7. Data Handling and Security
7.1 Document Processing
- Borrower documents are processed in memory only during analysis. Documents are not written to persistent storage on Margie's servers.
- Extracted field data and analysis results are encrypted at rest using AES-256-GCM encryption.
- All data in transit is protected by TLS 1.2+ encryption.
7.2 Data Minimization
- Each AI provider receives only the minimum data necessary for its specific function.
- Azure receives document images for OCR. Anthropic receives extracted fields (not documents) for narrative generation.

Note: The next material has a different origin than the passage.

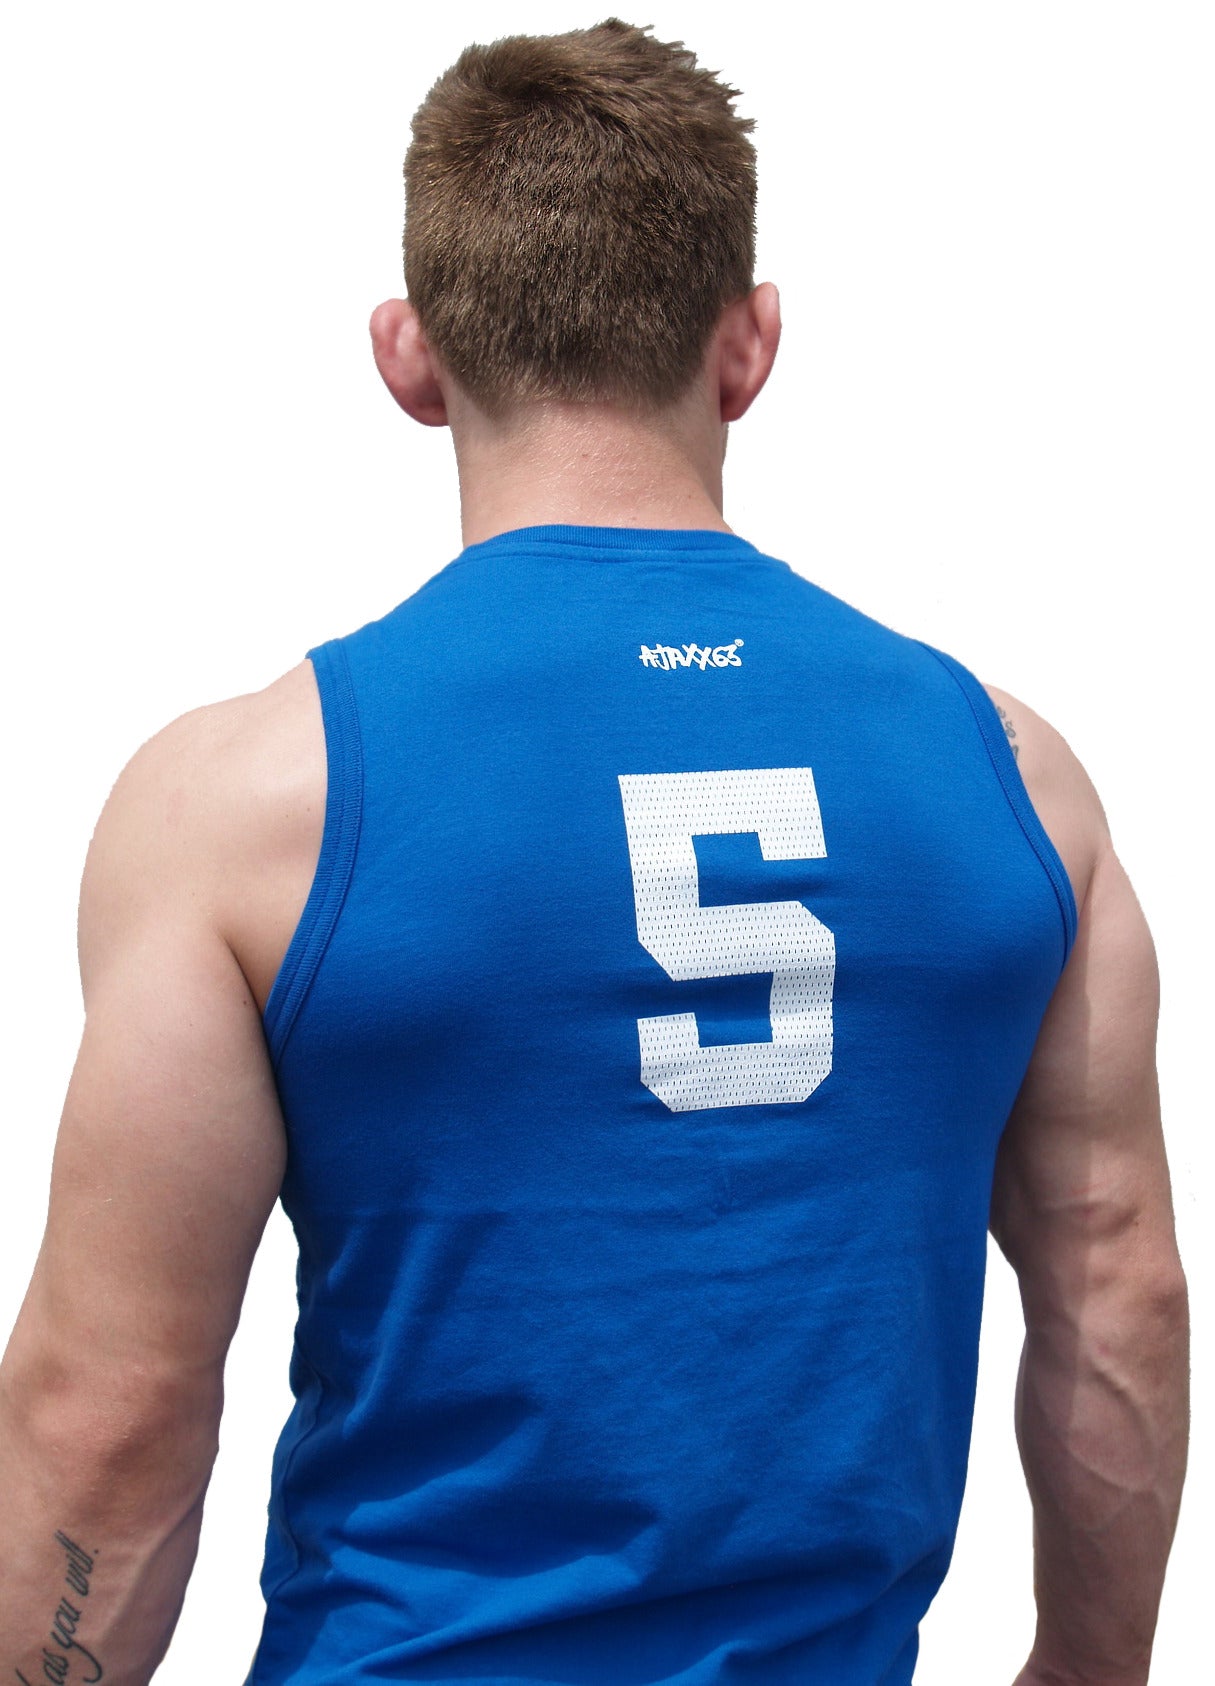 M.E.A. Track Sleeveless Athletic Fit

Google receives extracted text for field population.
- No single AI provider receives a borrower's complete file or the full output of Margie's analysis.
7.3 Infrastructure
- Application: Next.js deployed on Vercel
- Database: Google Firebase Firestore (encrypted at rest)
- Billing: Stripe (PCI DSS Level 1 compliant)

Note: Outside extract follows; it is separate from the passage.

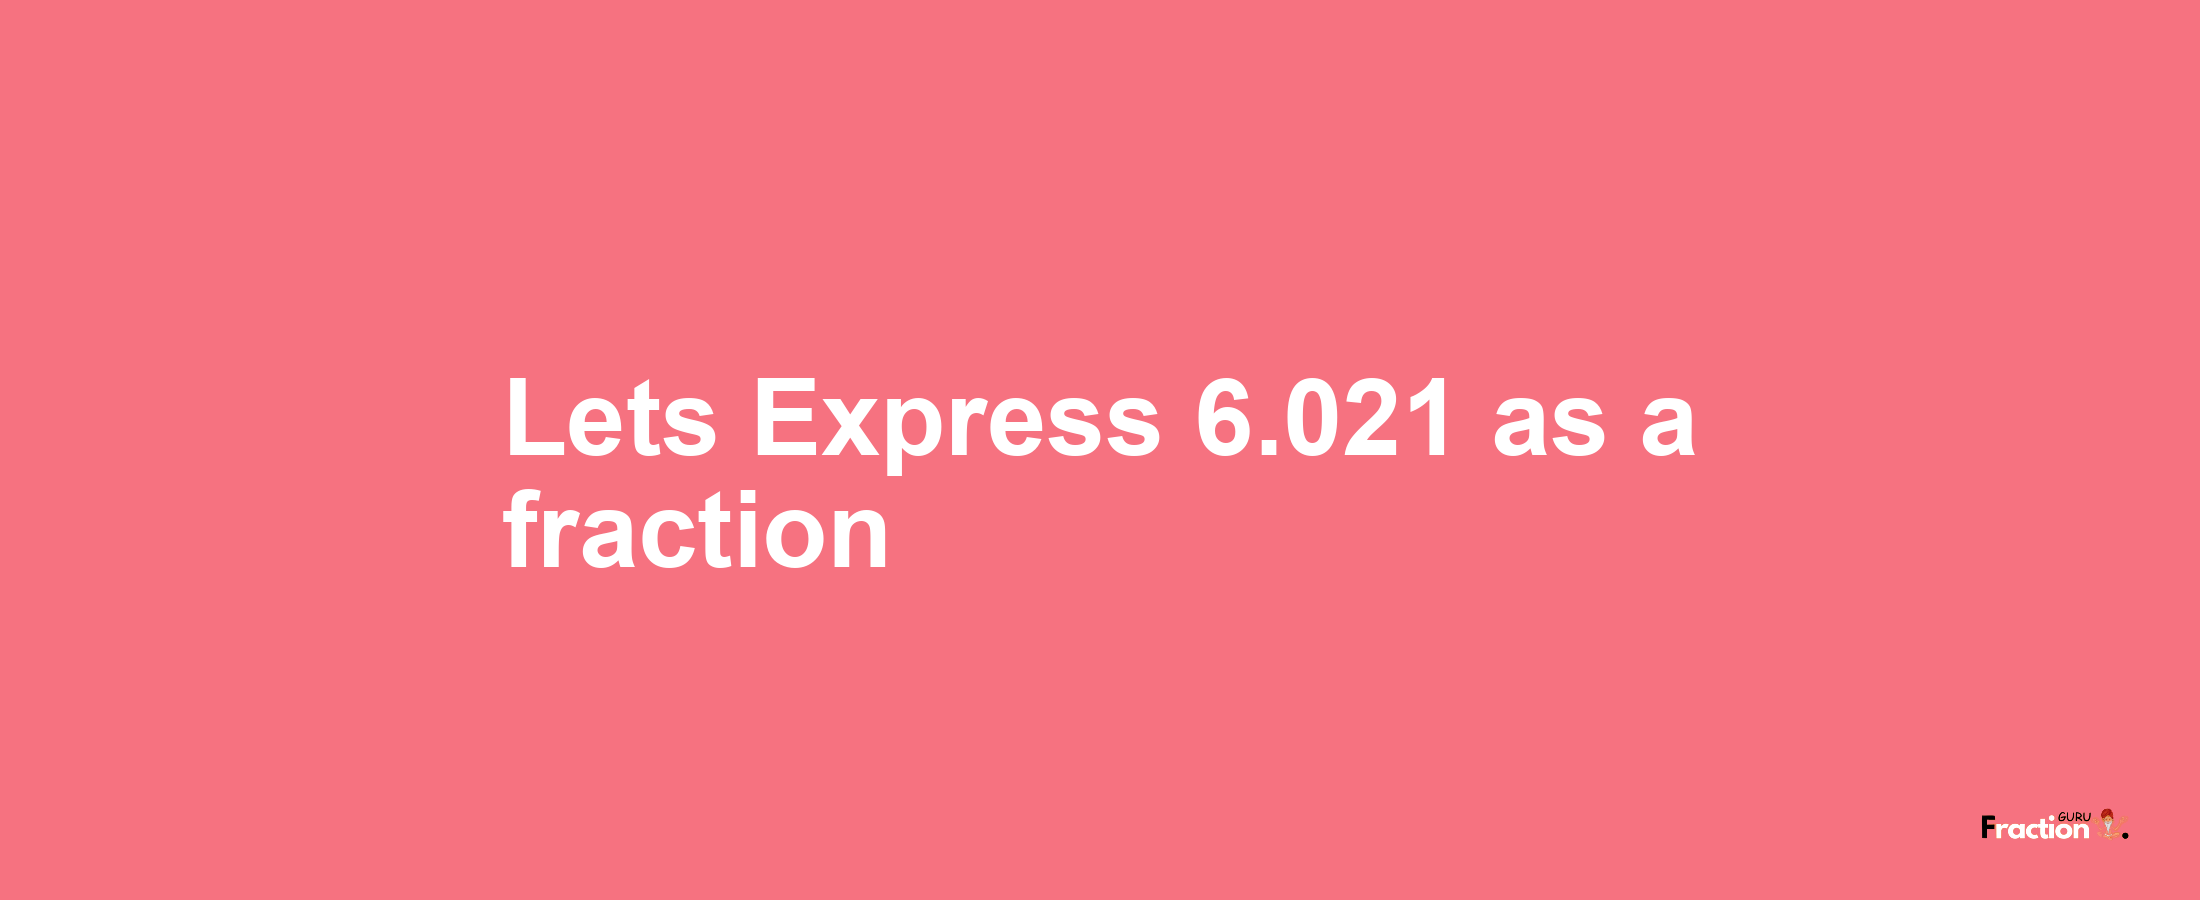 Lets Express 6.021 as afraction

- Domain: getmargie.com / app.getmargie.com
For complete information on data handling, refer to Margie's Privacy Policy.
8. Model Training Prohibitions — Summary
| Provider | Training Prohibition | Basis |
|---|---|---|
| Azure Document Intelligence | Customer data not used for model training | Microsoft Azure service terms; prebuilt models only |
| Anthropic Claude | Customer API data contractually excluded from training | Anthropic Commercial Terms of Service |
| Google Gemini | Paid API data excluded from model training | Google Cloud Service Specific Terms |
Margie does not fine-tune, customize, or contribute to the training of any third-party AI model using borrower data.

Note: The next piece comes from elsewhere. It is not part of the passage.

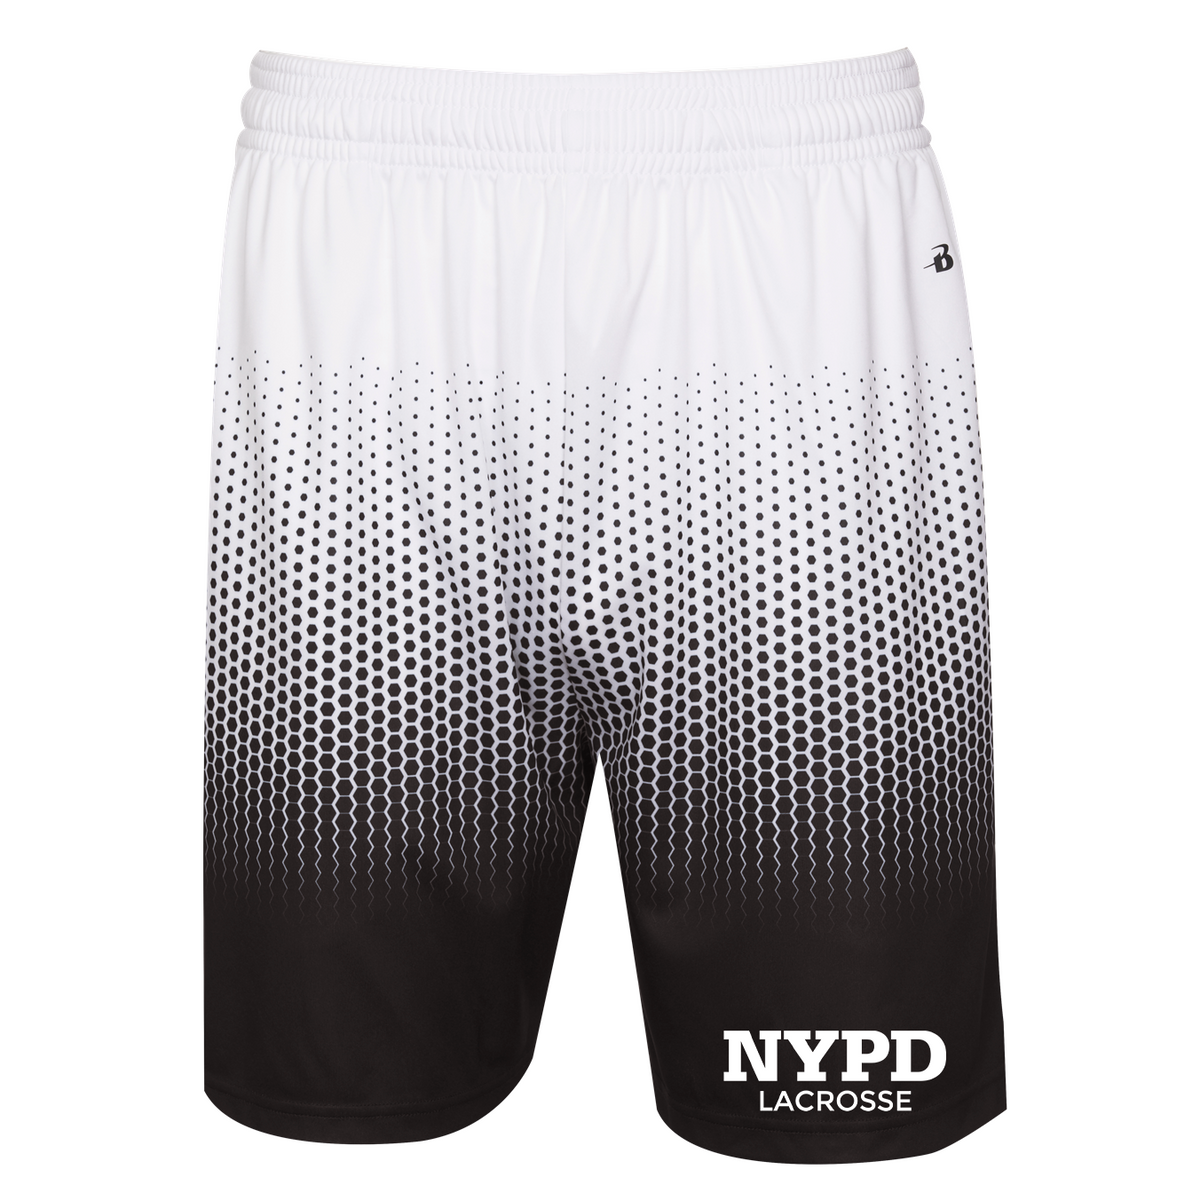 NYPD Lacrosse Hex 2.0 Shorts

9. Accuracy, Limitations, and Disclaimers
9.1 OCR and Extraction Accuracy
- Handwritten text, poor-quality scans, unusual document formats, or non-standard layouts may reduce extraction accuracy.
- Extracted field values should be treated as preliminary until confirmed by the deterministic analysis engine's cross-referencing checks or by broker review.
- The Platform's deterministic checks are specifically designed to catch extraction inconsistencies.
9.2 Narrative Generation Accuracy
- Narratives may occasionally contain imprecise characterizations of findings.
- Narratives are summaries for broker convenience, not authoritative compliance determinations.
- All narrative output is clearly labeled as AI-generated.
- Brokers should verify narrative claims against the underlying extracted data and deterministic findings.
9.3 General Disclaimers
- Margie is a pre-underwriting analysis tool, not a licensed underwriter, lender, or credit decision system.
- Platform output does not constitute a loan approval, denial, pre-qualification, or pre-approval.
- Platform output does not constitute legal, financial, or compliance advice.
- All findings are advisory and require review by a licensed mortgage professional before any action is taken.
- The Platform complies with applicable provisions of the GLBA, ECOA, and RESPA. Compliance disclaimers are affixed to all outputs.
10. Contact Information
Questions regarding this AI Disclosure Policy or Margie's use of AI should be directed to:
Margie
Email: contact@getmargie.com
Website: getmargie.com
11. Policy Updates
This policy may be updated to reflect changes in AI service providers, processing methods, or applicable regulatory guidance. Material changes will be communicated to active subscribers. The “Last Updated” date at the top of this document reflects the most recent revision.
This document is provided for compliance transparency purposes and is intended to be reviewed alongside Margie's Privacy Policy, Terms of Service, and GLBA Compliance Statement. A Data Processing Agreement is available upon request for brokerage partners.